Eko (Amersackie Osakonor) a Nigerian artist of ‘Piccadilly and Green Park’ ekes out a living on the roadside by selling the churned-out canvasses he reluctantly paints for visitors. His heart is elsewhere and it’s of merit that the writer delves deep to give a good insight into his background, emotions, hopes and fears. Eko is a freedom fighter, yearning to return to his native country but unwilling to do so until the political climate is right. It’ll be sometime soon though, he hopes, and roll on the day. Neighbouring stallholder Dan is typically British, probably East London, swears a lot and sells commemorative china. Sean Keating takes the role sporting an England football shirt and is proudly patriotic, though not to excess. This is no BNP-style protest story, in fact the opening concentrates on the friendship that has developed between the pair. The boys joke about women and sex to while away the sun-filled hours. Lavinia (Kendra McMillan) is an American who happens to like art and chances upon Eko’s pictures, she offers him a commission but wants African-inspired paintings, not the tourist views of Big Ben or Buckingham Palace. This seems an unlikely scenario, but Eko is hoping to get more than just money for his troubles and doesn’t stop to consider her motives. Some interesting twists take the story in unexpected directions, providing plenty of scope for the songwriter and actors alike.
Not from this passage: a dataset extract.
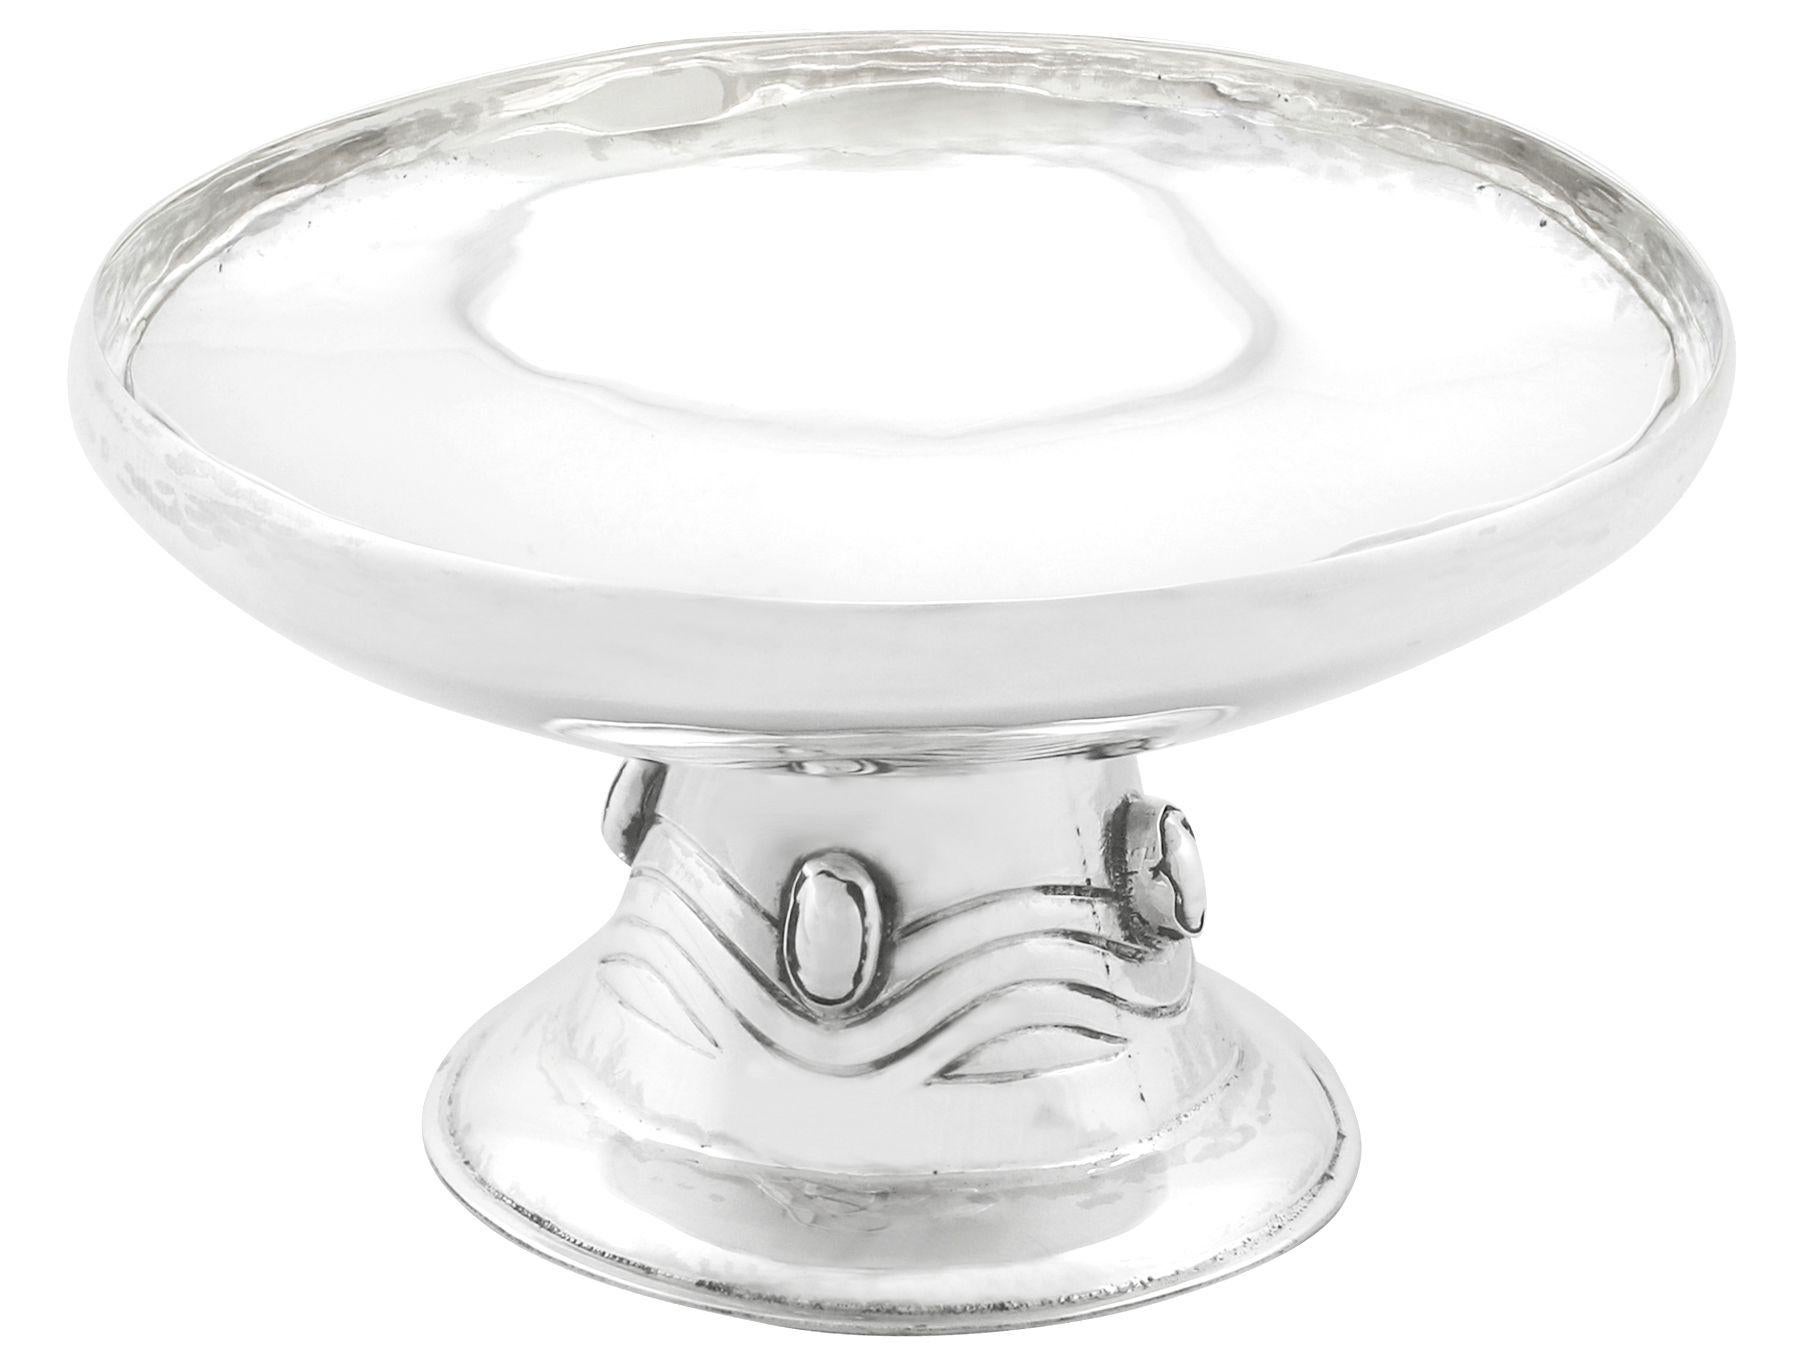 An exceptional, fine and impressive antique Edwardian English sterling silver bon bon dish made in the Arts & Crafts style; an addition to our silver dining collection

This exceptional antique silver bon bon dish, in sterling standard, has a

Each character is not quite what they seem. Having dual United States and UK citizenship is a clear advantage for McMillan as her character transpires. Having to change accents mid way through the act cannot be easy but she accomplishes this with flair. She also provides quality vocals both in solo and ensemble numbers. Particularly impressively during the title duet with Sean Keating toward the end, although her animated performance occasionally tended toward music hall during that number.
Interestingly, this piece does call culture’s perception of right and wrong into question. Without revealing too much, one is a law breaker yet the others give the aura of bullying oppressors, attempting to beat their prey into submission using the power that society has given them. The director illustrates this very well, using the cast to turn the tables as the story progresses with Lavinia becoming a convincing Tracy Barlow-esque figure.
An enjoyable and well-written offering in so far as it goes, but there is potential for more and sadly it ended just as it really got into full swing. Oh, and I must pop down to Piccadilly while the sun is still out.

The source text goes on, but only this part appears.